For years afterward, it felt as if I was dying every day. Even now, not a single day passes without thoughts of my babies—my beautiful, precious children I never got to meet. I never held them. I never smelled the sweet, heavenly scent of their breath. I never heard their first cries in the night or felt them nurse at my breast. I never looked into their eyes with wonder. I never had the chance to kiss their boo-boos, or hold them when they were scared, or teaching them how to be still and listen. I never watched them run and laugh, scramble eggs in the kitchen, or cuddle close while we dreamed upon the clouds and stars. I missed every sacred moment meant for us. And in missing them, part of my own becoming was lost.
These two choices are the only ones I would undo if I could. Above every hardship, every mistake, they cut the deepest.
Even today, my heart remains tender toward those moments. Tears still come unbidden as I imagine who my children might be now. A sigh escapes, tears fall onto my lap. I see the depravity of what I did. I now understand that in aborting my children, I spiritually signed a blood covenant with a demon god that feeds on the blood of the innocent. This truth is heavy, but it must be spoken. It is a matter of life and death.
To any woman reading this who is considering abortion: I have walked this path before you. I implore you—please do not go through with it. Stop. Breathe. Pause long enough to see there are other options. There are agencies and families who long for your child more than words can say. You can even reach out to me. Just please, choose life. Give this precious soul inside you the chance to breathe, to laugh, and to soar into the destiny for which they were created.
You are loved beyond what you can fathom.
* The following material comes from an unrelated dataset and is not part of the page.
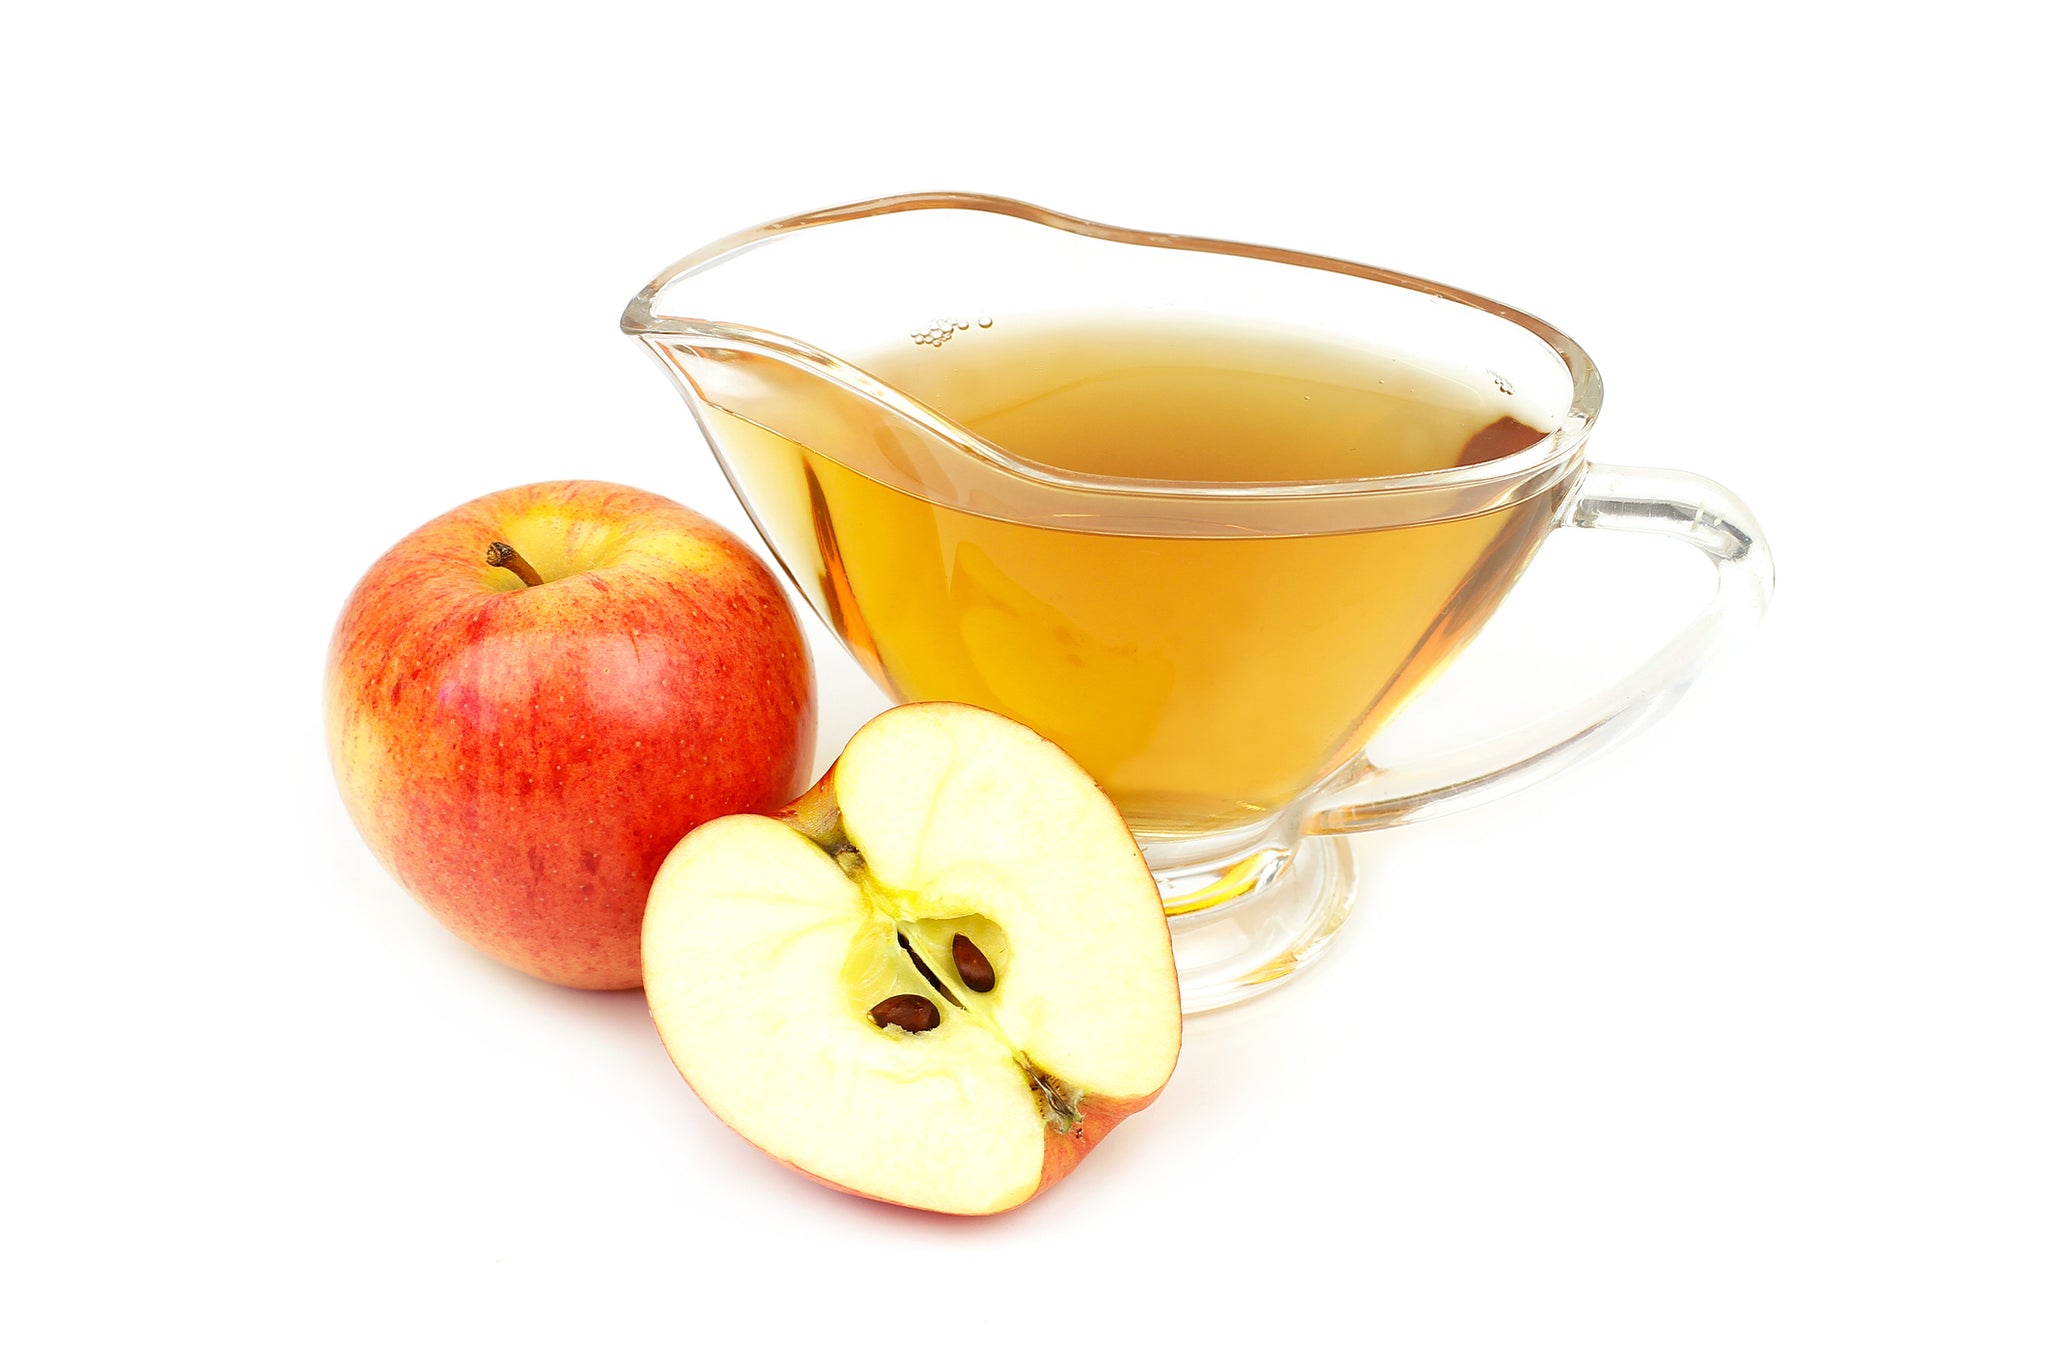 Apple Cider Vinegar - the pros and cons of a daily ACV shot

Though the Father desired life for that child, when you turn to Him in true repentance, you are forgiven. The blood of Jesus covers it completely. Your sin is cast into the Sea of Forgetfulness, and The Father remembers it no more. The shame may threaten to strangle you at first, but do not remain there. Come before Him as His forgiveness rushes toward you with fervor and unwavering love.
Call upon the Father of Lights—Yahweh, Call upon Jesus... The One who formed you and your baby before the earth was ever a thought, Psalm 139. He is mercy. He is grace. He is redemption. Do not listen to the condemning voices or the cheers for death. The Father is not waiting to condemn you—He longs to wrap you in His love. He has a plan and purpose for you and your baby.
Please… choose life, just as life was chosen for you.